§ DIRECTIONS FOR THIS TASK
Set the data down exactly as it stands, and keep its pictures out.

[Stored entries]
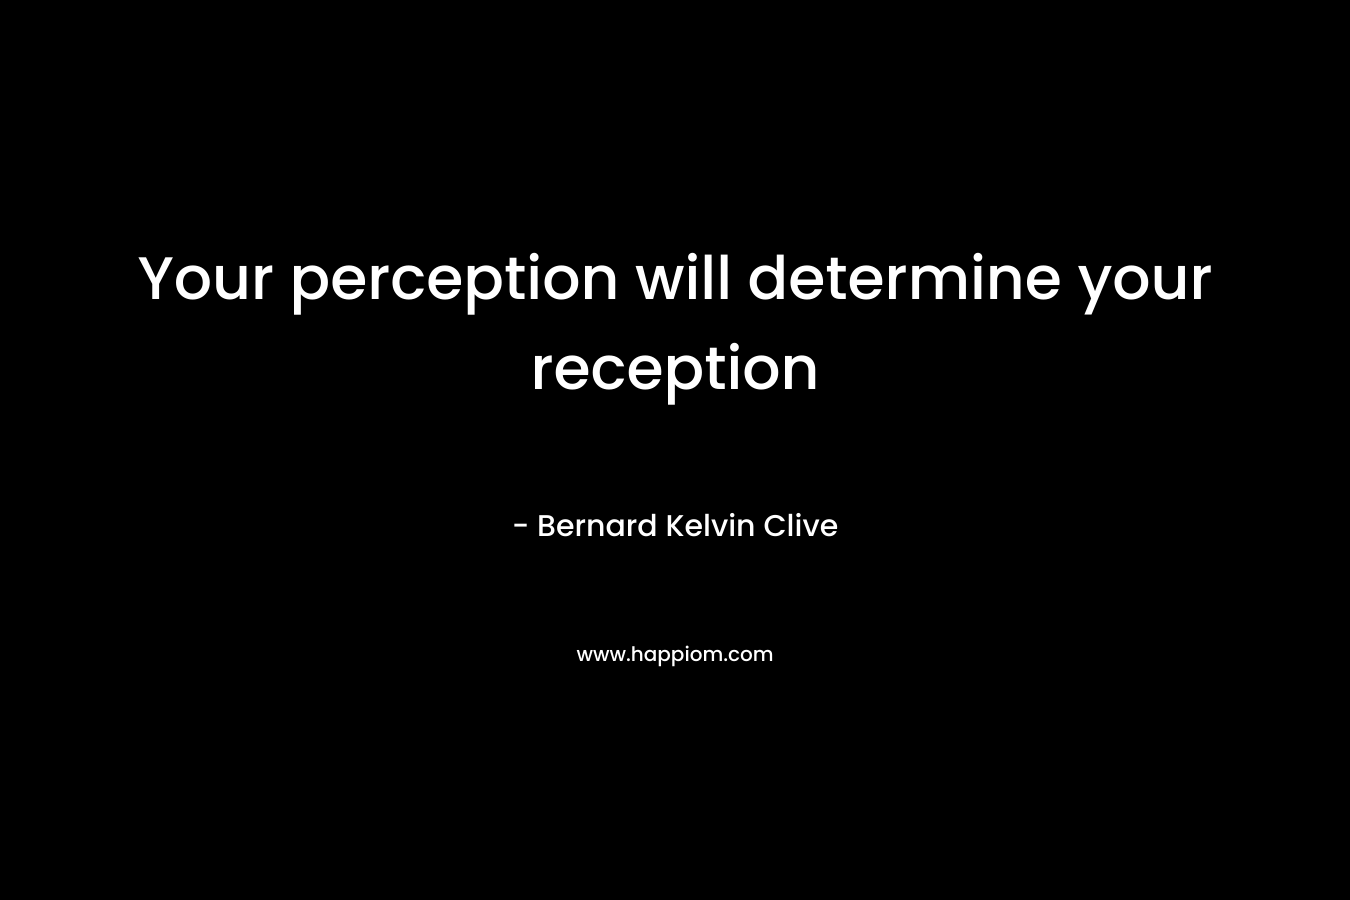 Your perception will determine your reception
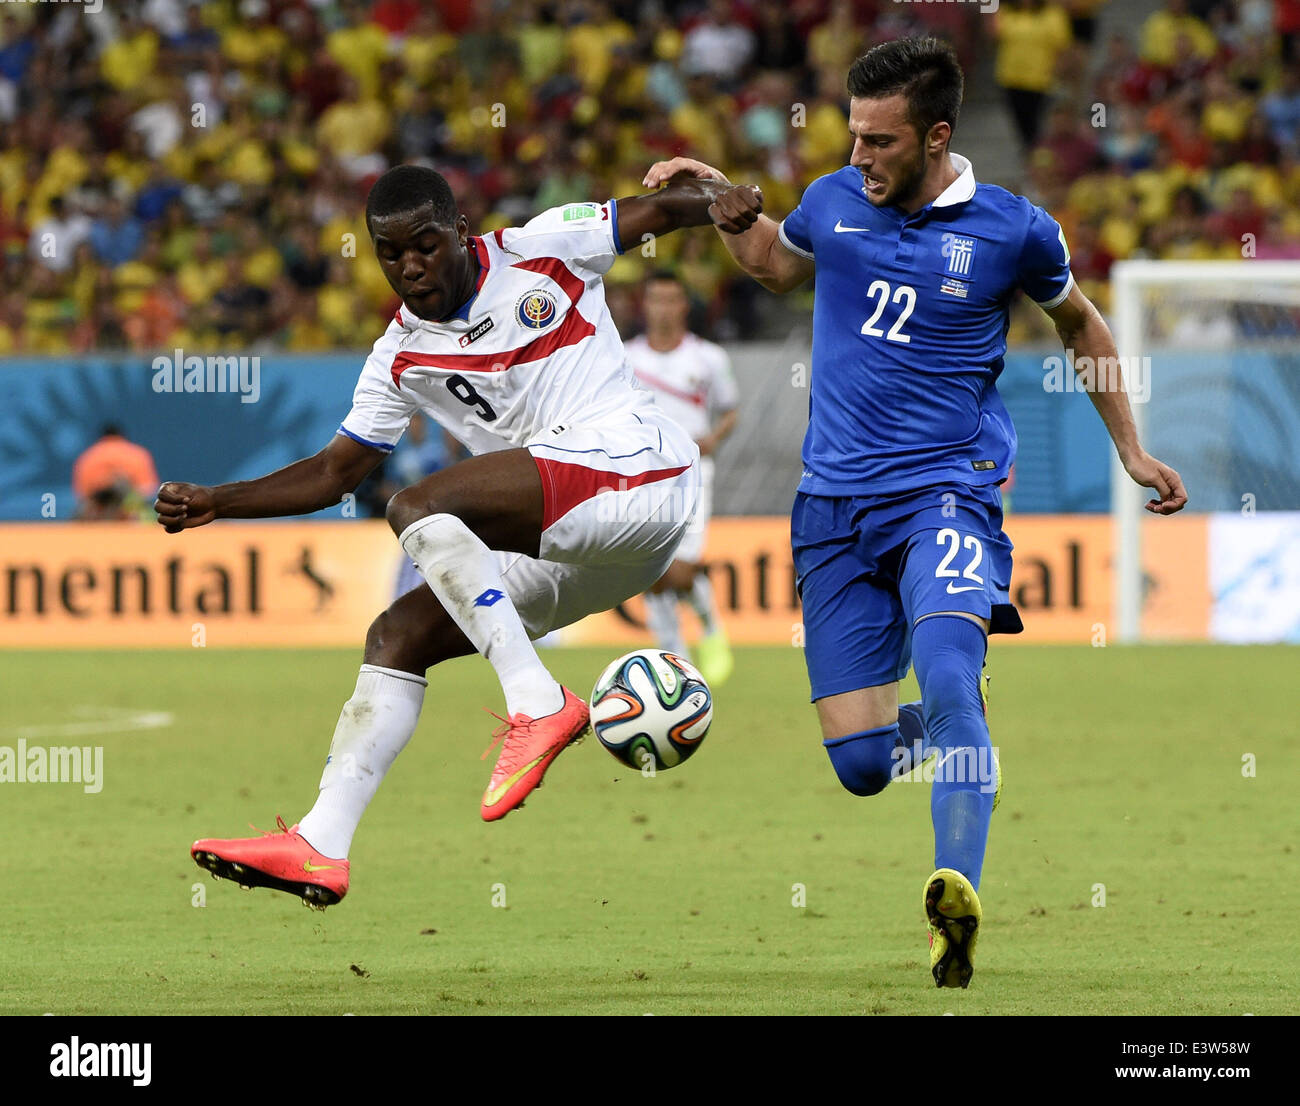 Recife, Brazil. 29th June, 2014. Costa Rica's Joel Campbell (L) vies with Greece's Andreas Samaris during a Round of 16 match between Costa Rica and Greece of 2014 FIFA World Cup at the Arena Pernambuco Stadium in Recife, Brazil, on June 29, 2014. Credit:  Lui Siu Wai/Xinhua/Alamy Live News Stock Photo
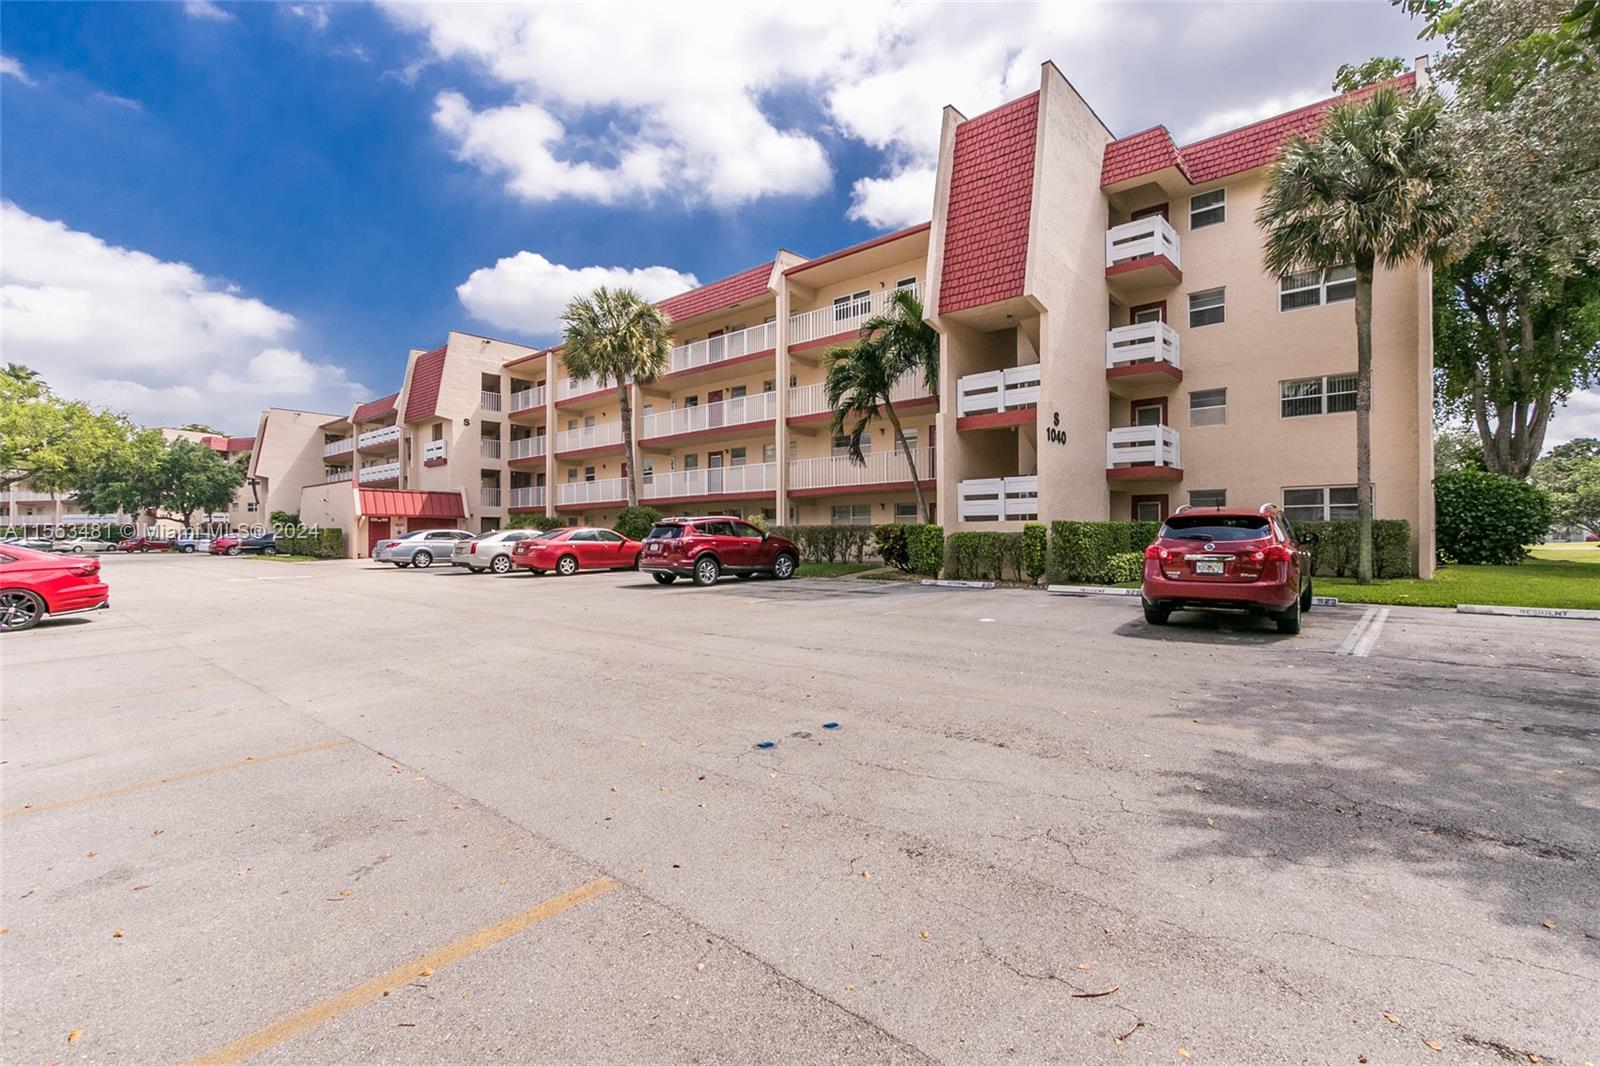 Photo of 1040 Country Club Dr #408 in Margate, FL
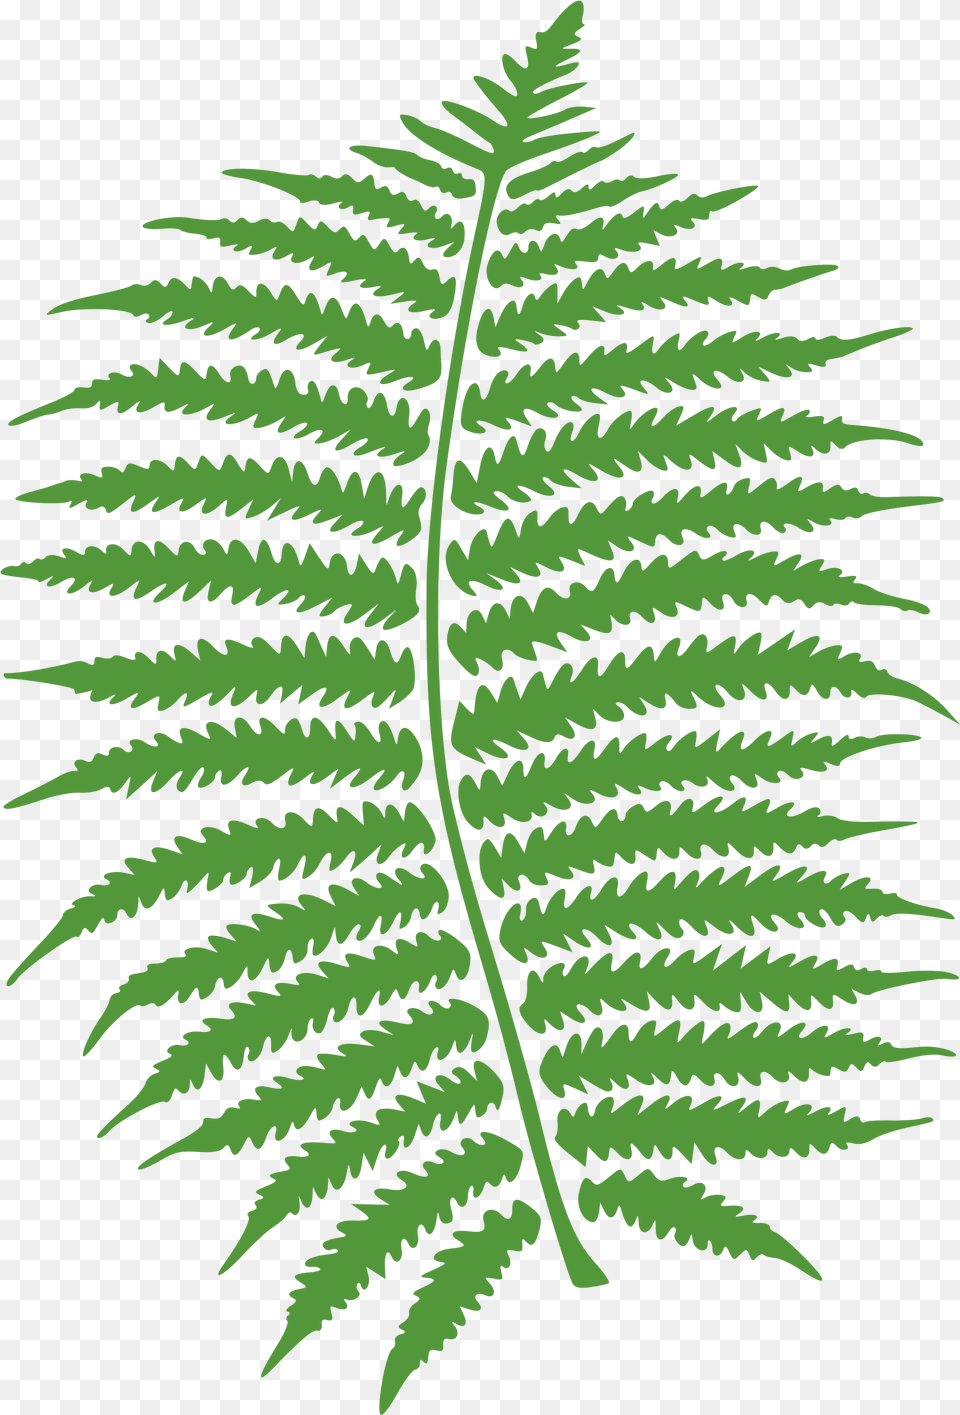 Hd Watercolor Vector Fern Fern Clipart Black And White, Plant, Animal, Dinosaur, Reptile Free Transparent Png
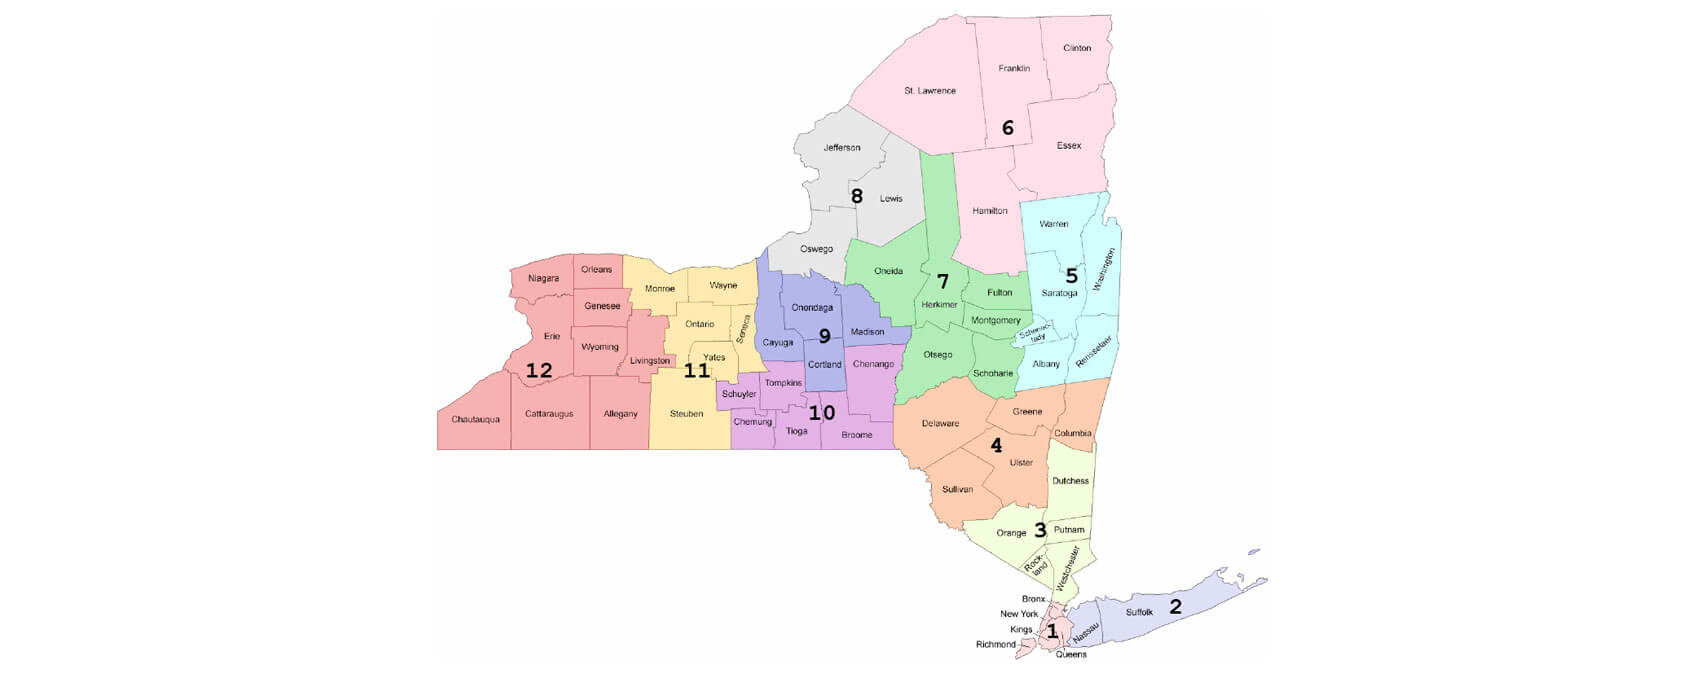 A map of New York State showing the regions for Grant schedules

§ ANSWER BOX
 Your perception will determine your reception
 Recife, Brazil. 29th June, 2014. Costa Rica's Joel Campbell (L) vies with Greece's Andreas Samaris during a Round of 16 match between Costa Rica and Greece of 2014 FIFA World Cup at the Arena Pernambuco Stadium in Recife, Brazil, on June 29, 2014. Credit:  Lui Siu Wai/Xinhua/Alamy Live News Stock Photo
 Photo of 1040 Country Club Dr #408 in Margate, FL
 Hd Watercolor Vector Fern Fern Clipart Black And White, Plant, Animal, Dinosaur, Reptile Free Transparent Png
 A map of New York State showing the regions for Grant schedules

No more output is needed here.